++++ PROVIDED MATERIAL ++++
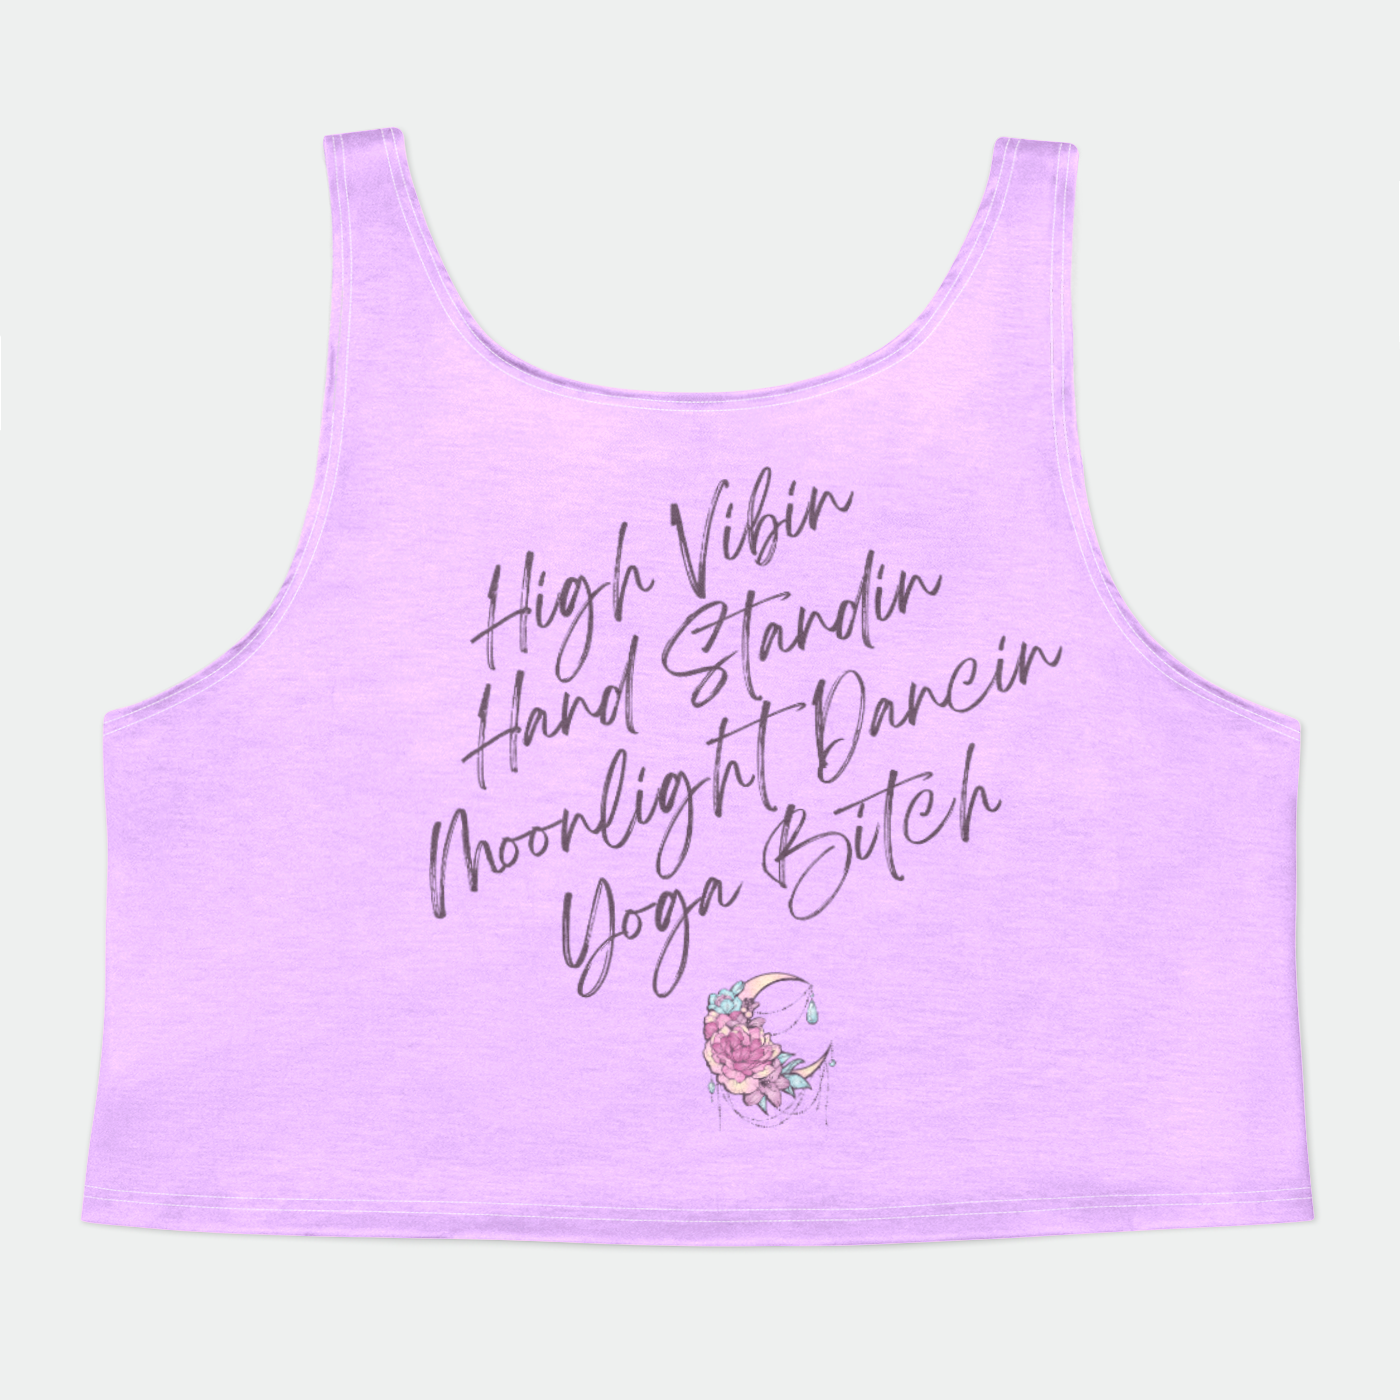 High Vibin Yoga Bitch Baby Tank - Yoga Bitch
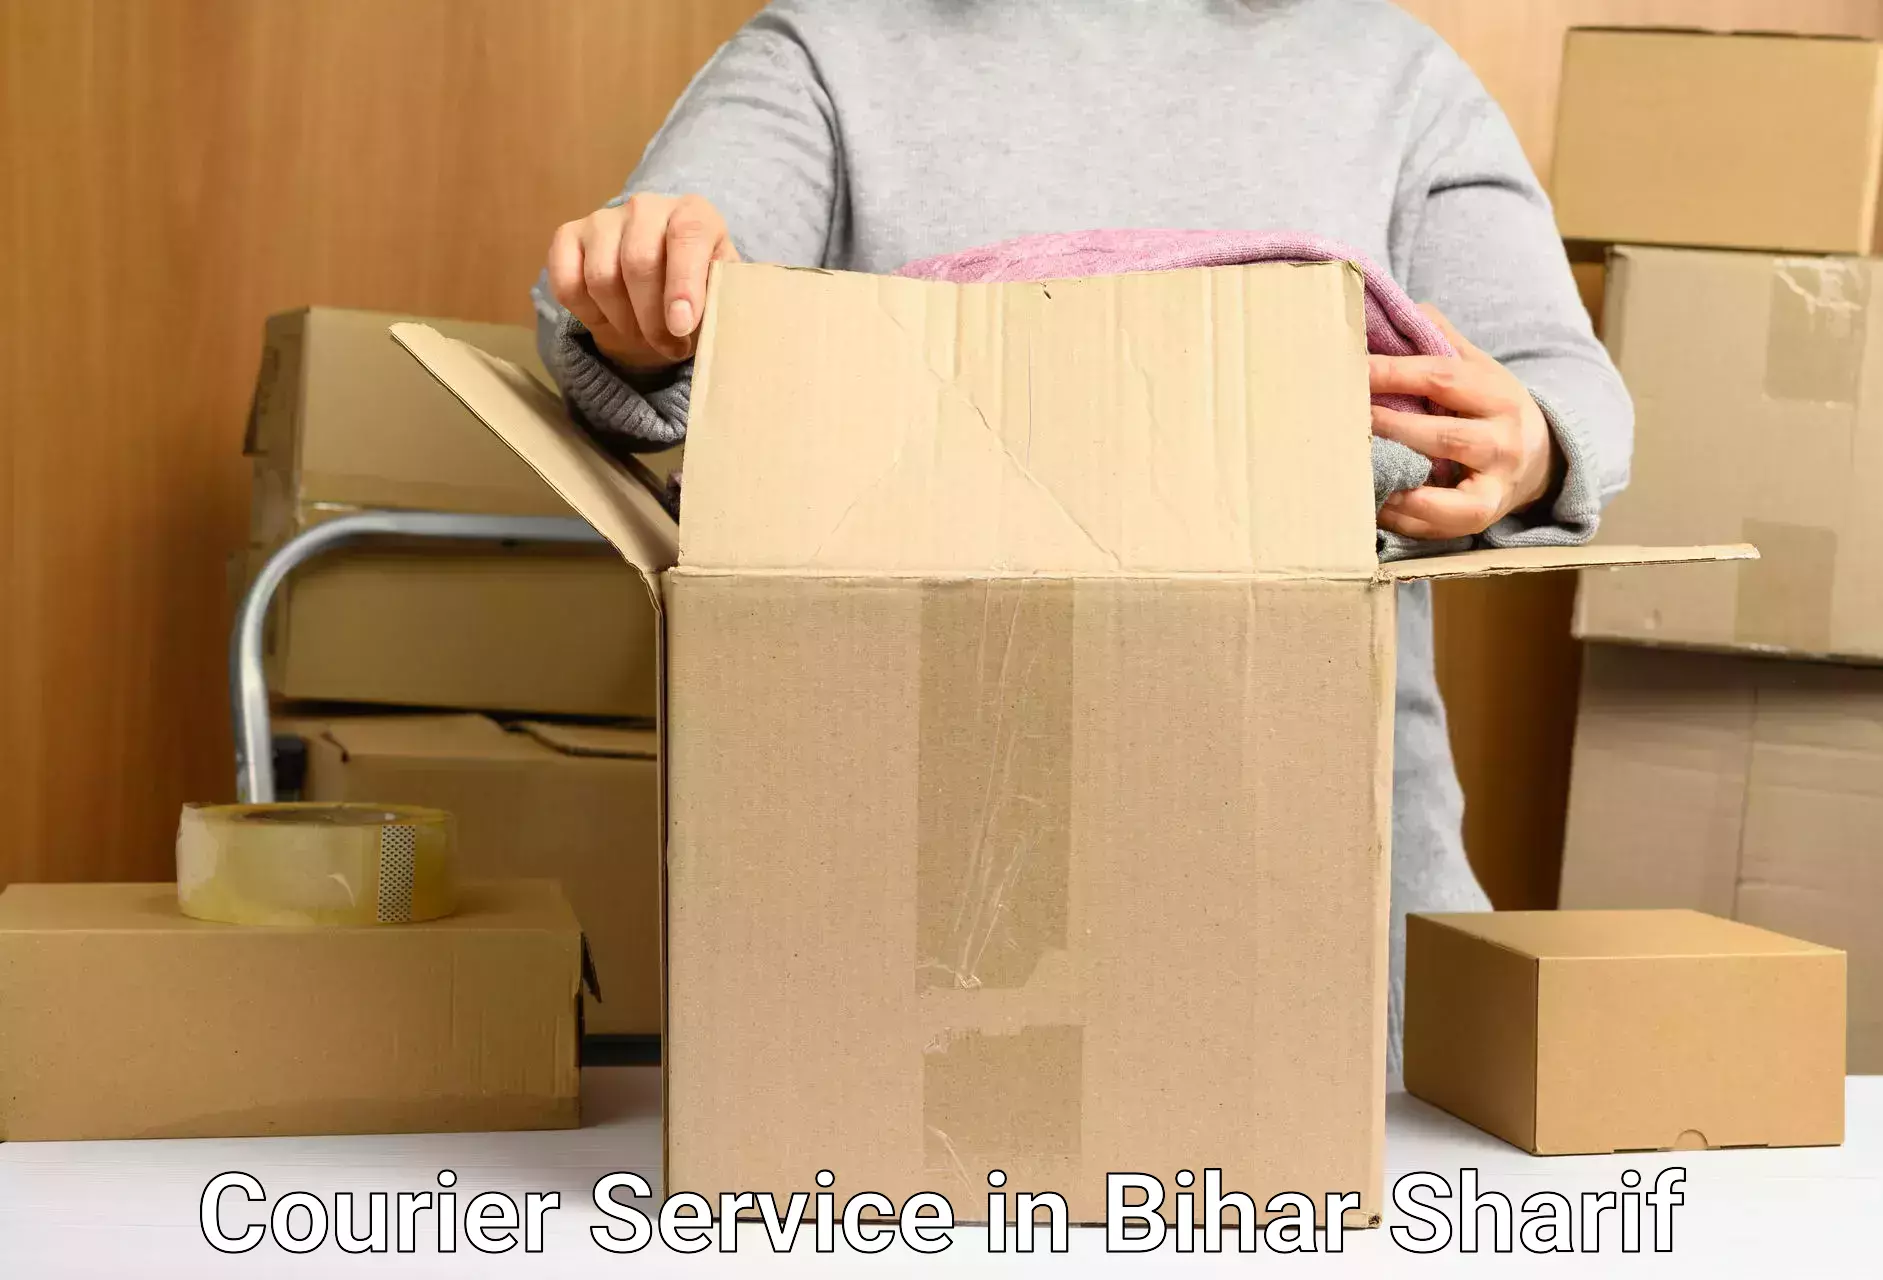 Courier insurance in Bihar Sharif
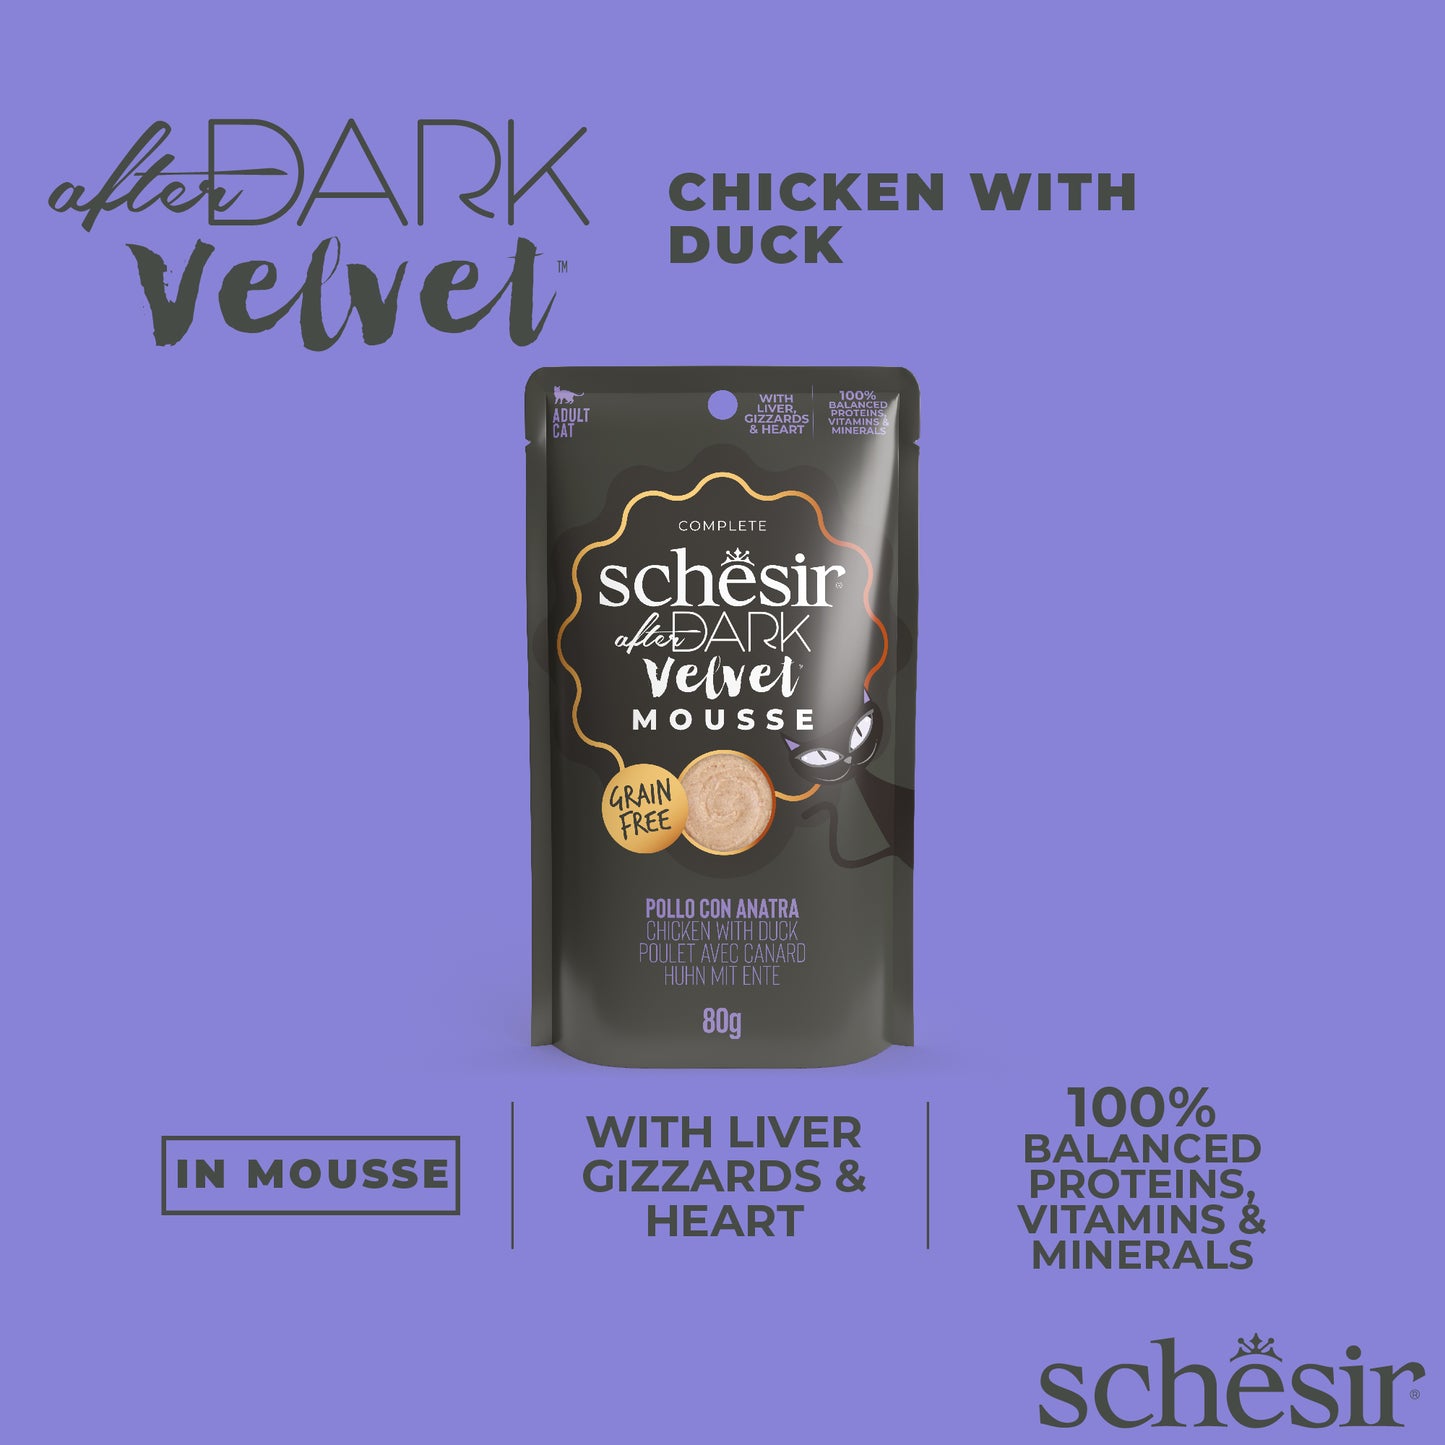 [5% OFF NNC Members] Schesir After Dark Velvet Mousse - Chicken with Duck, 80g
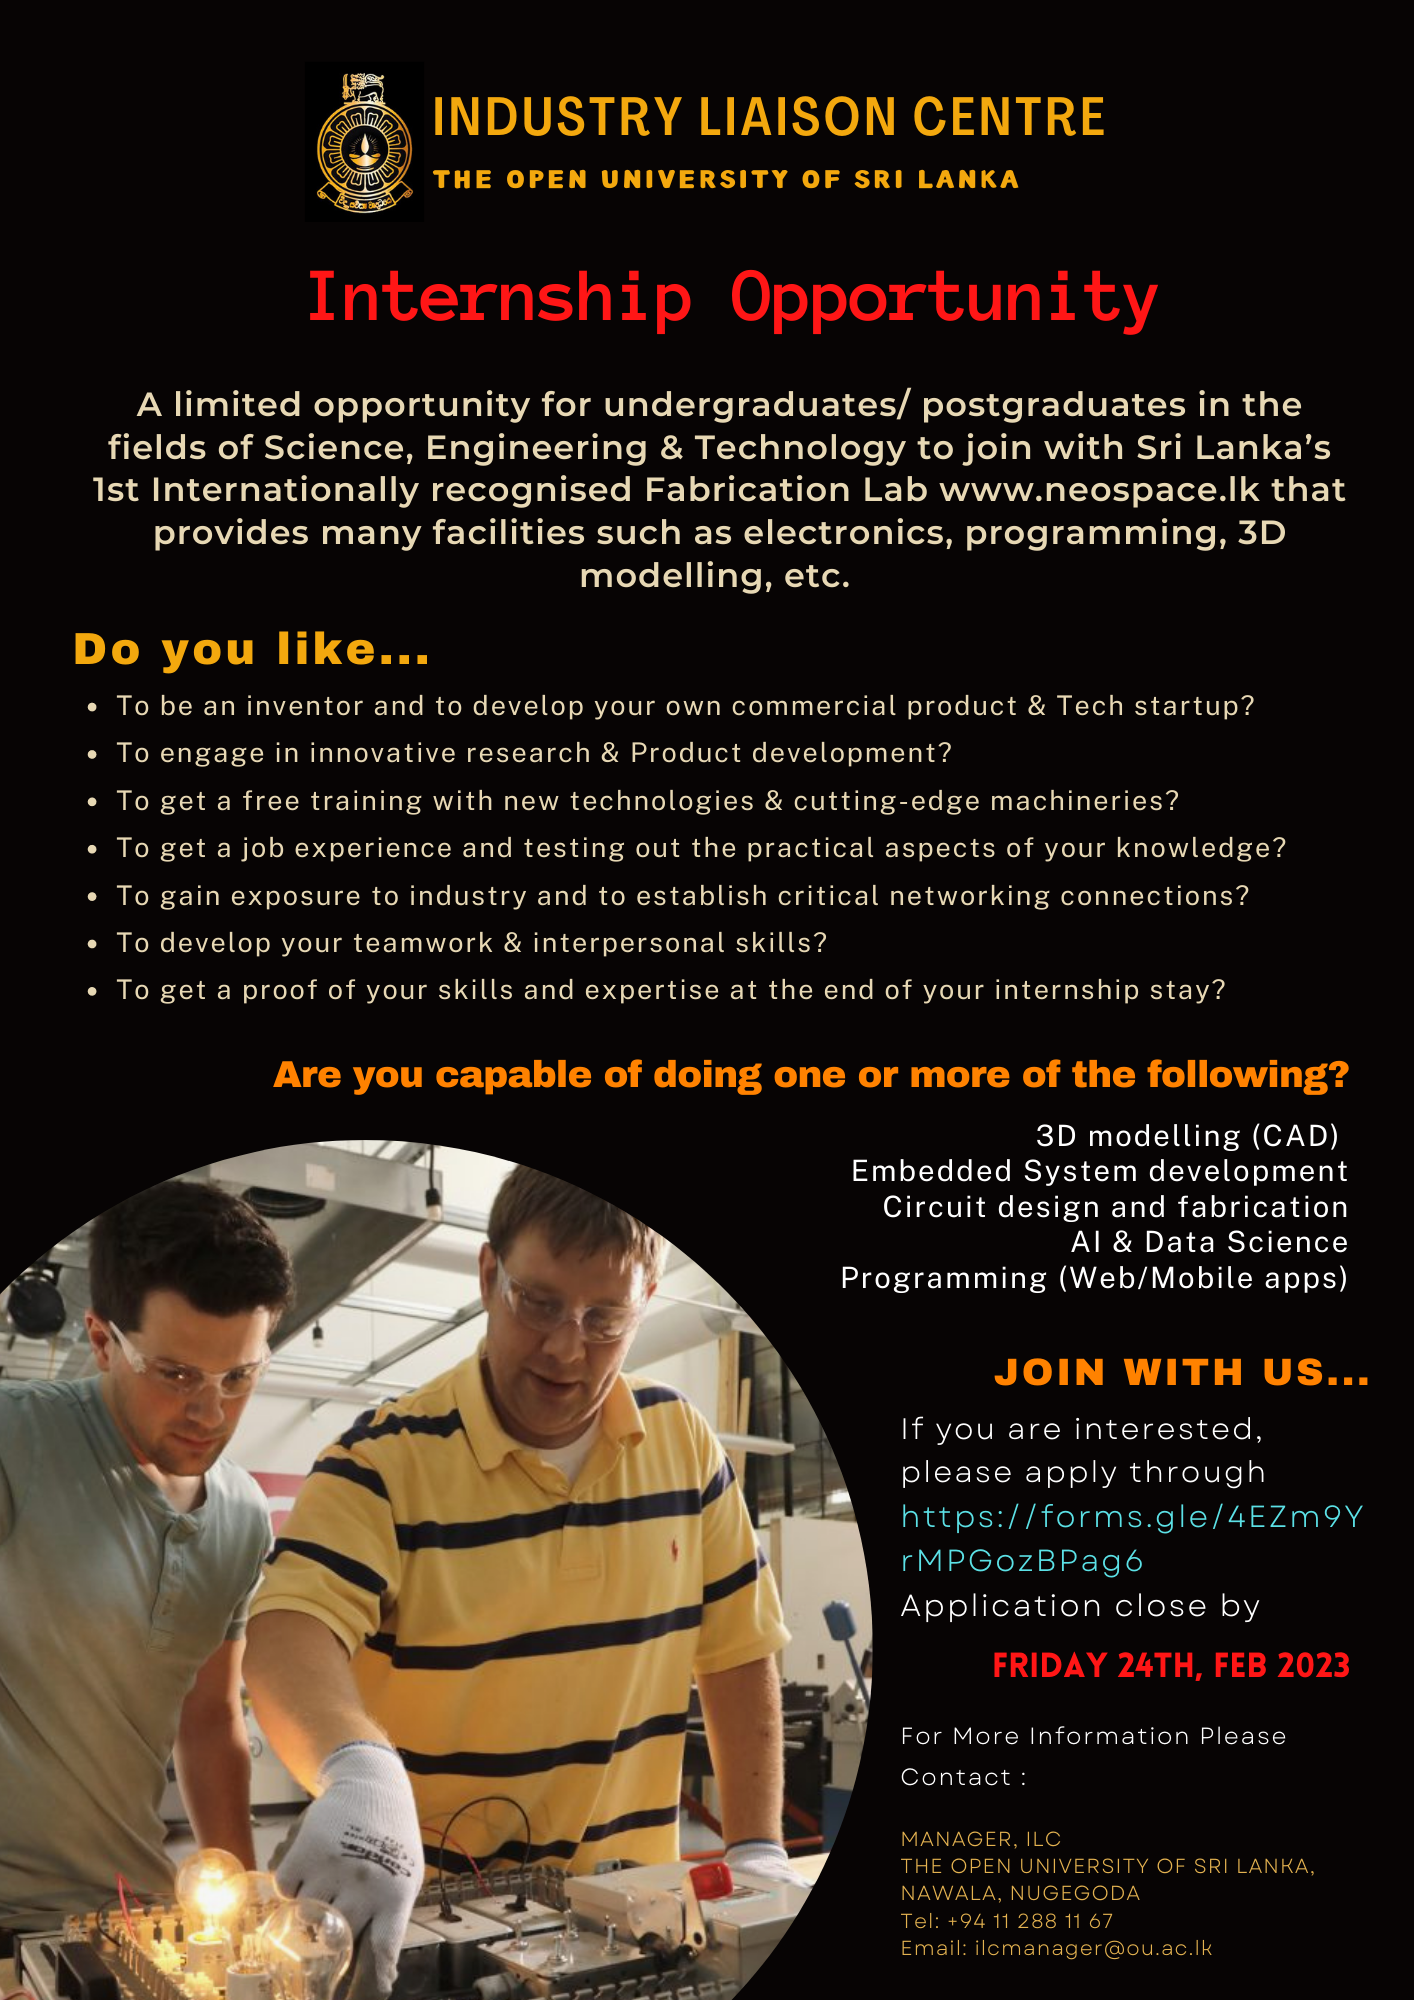 Internship Opportunity/ Industry Liaison Centre
++++
BRIEF: Leaving out all pictures, repeat word for word the lines from the one containing "[5% OFF NNC" through the final line of the material above.

WRITTEN SOLUTION:
 [5% OFF NNC Members] Schesir After Dark Velvet Mousse - Chicken with Duck, 80g
 Internship Opportunity/ Industry Liaison Centre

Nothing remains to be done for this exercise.